Use the command-line tool tunnel to upload data. Commands:
create table pai_ft_x13_arima_input(id bigint,number bigint);
tunnel upload data/airpassengers.csv pai_ft_x13_arima_input -h true;
PAI command
PAI -name x13_auto_arima
    -project algo_public
    -DinputTableName=pai_ft_x13_arima_input
    -DseqColName=id
    -DvalueColName=number
    -Dstart=1949.1
    -Dfrequency=12
    -DmaxOrder=4
    -DmaxSeasonalOrder=2
    -DmaxDiff=2
    -DmaxSeasonalDiff=1
    -DpredictStep=12
    -DoutputPredictTableName=pai_ft_x13_arima_auto_out_predict
    -DoutputDetailTableName=pai_ft_x13_arima_auto_out_detail
Output
  • Output table outputPredictTableName
    column name comment
    pdate The date of the prediction.
    forecast The prediction conclusion.
    lower The lower threshold of the prediction results when the confidence level is specified.
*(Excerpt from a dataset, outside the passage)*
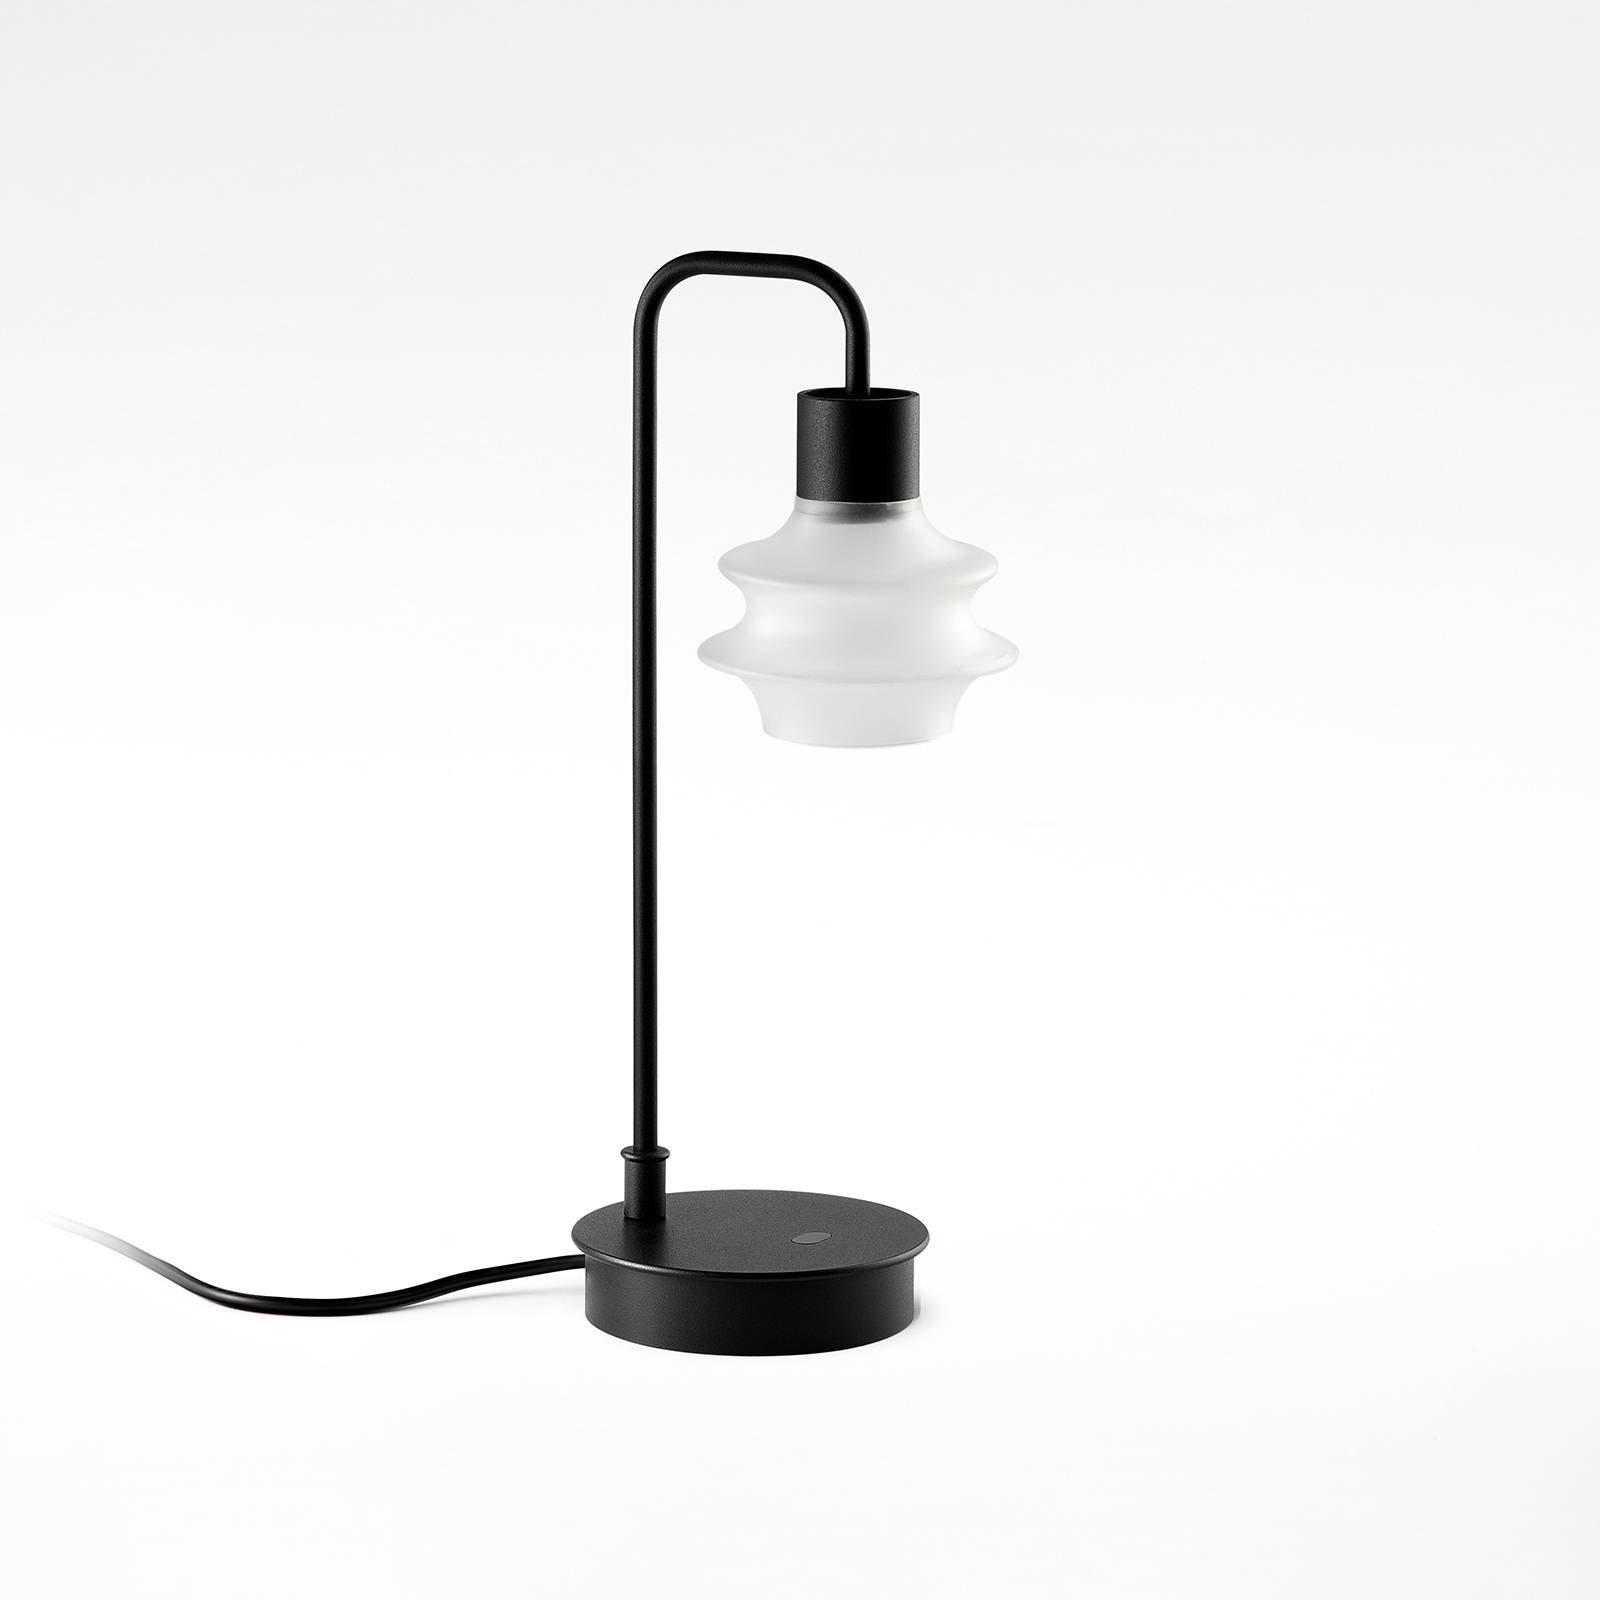 Bover Drop M/36 LED-bordlampe matt-hvit
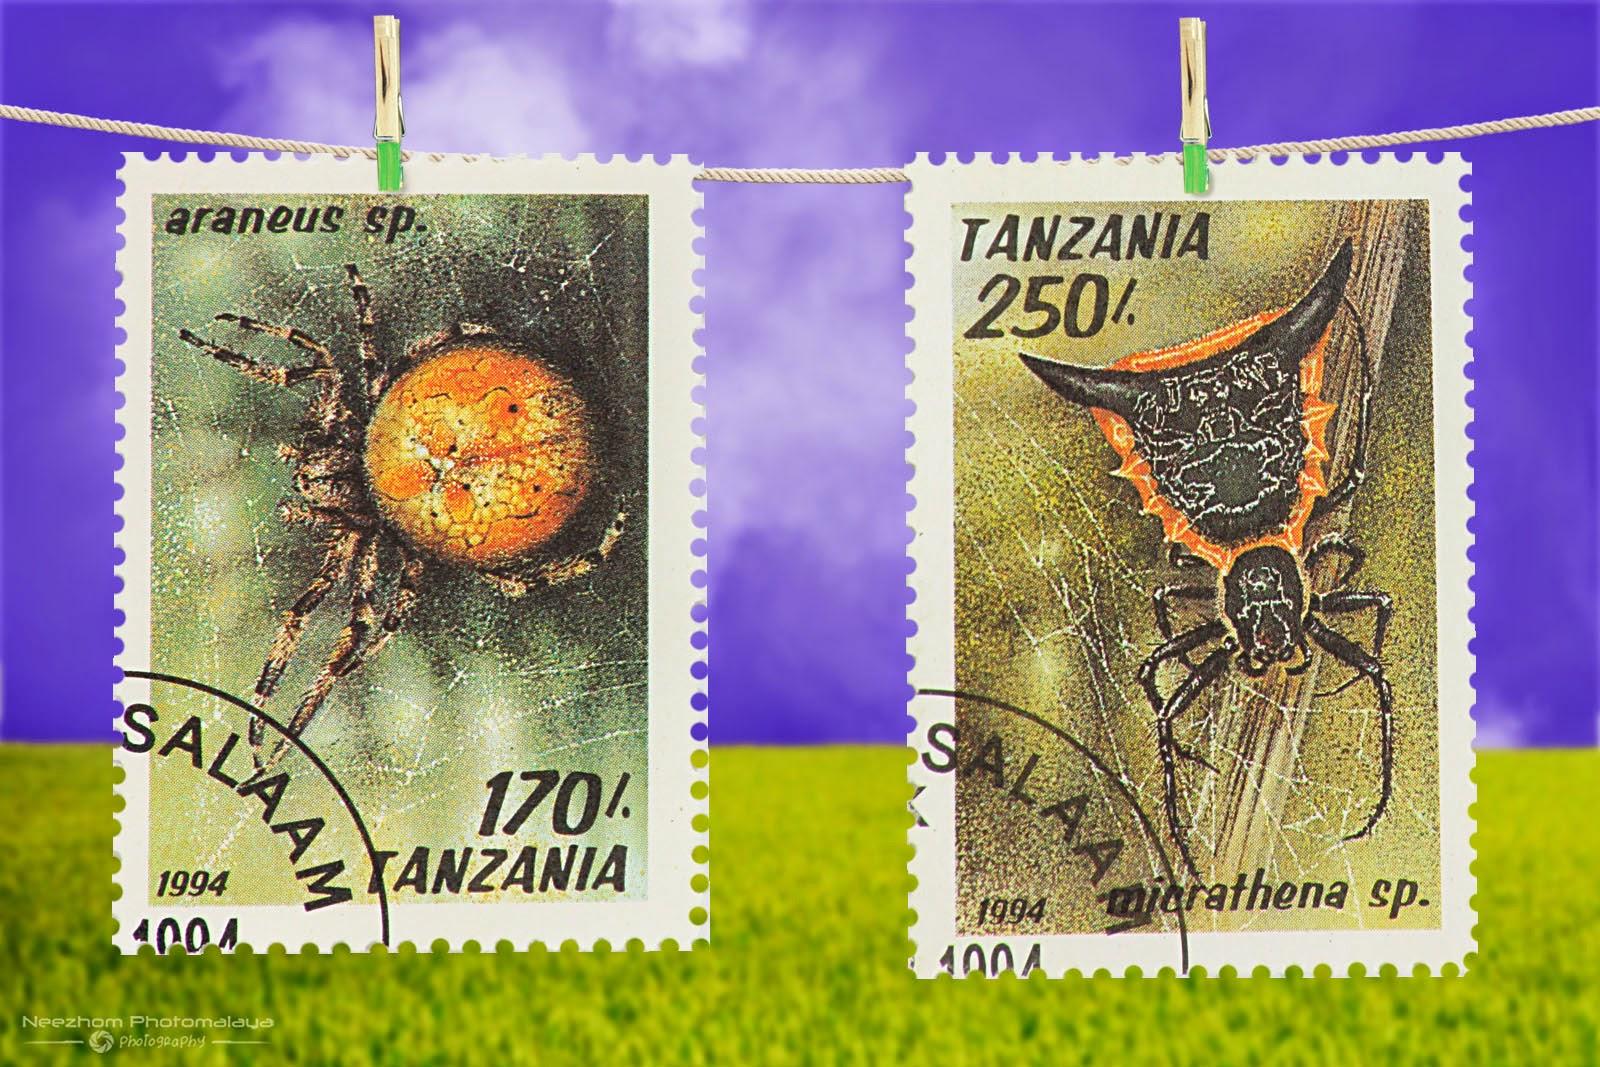 Tanzania Arachnids stamps 1994 - Araneus sp, Micrathena sp

The default confidence level is 0.95.
    upper The upper threshold of the prediction results when the confidence level is specified. The default confidence level is 0.95.
    The following figure provides the data.1
  • Output table outputDetailTableName
    The following table describes the parameters.
    column name comment
    key
    • model: the model in use.
    • evaluation: the evaluation result.
    • parameters: training parameters.
    • log: training logs.
    summary The storage details.
    The following figure provides the data.3
    PaiWeb display-model coefficient (key=model)4
    PaiWeb display-evaluation metrics (key=evaluation)5

Algorithm scale

  • Supported scale
    • Row: a maximum of 1,200 data records in a group
    • Column: one numeric column
  • Resource calculation method
    • Default calculation method if groupColNames is not specified:

      coreNum = 1

      memSizePerCore = 4096

    • Default calculation method if groupColNames is specified:

      coreNum = floor(Total number of rows/120,000)

      memSizePerCore = 4096

FAQ

Why are prediction results the same?

If an exception occurs during model training, the mean model is called. In this case, all prediction results are the mean of the training data.

Common exceptions include instability after temporal-difference learning, training without convergence, and variance 0. You can view the stderr file of individual nodes in Logview to obtain specific information about exceptions.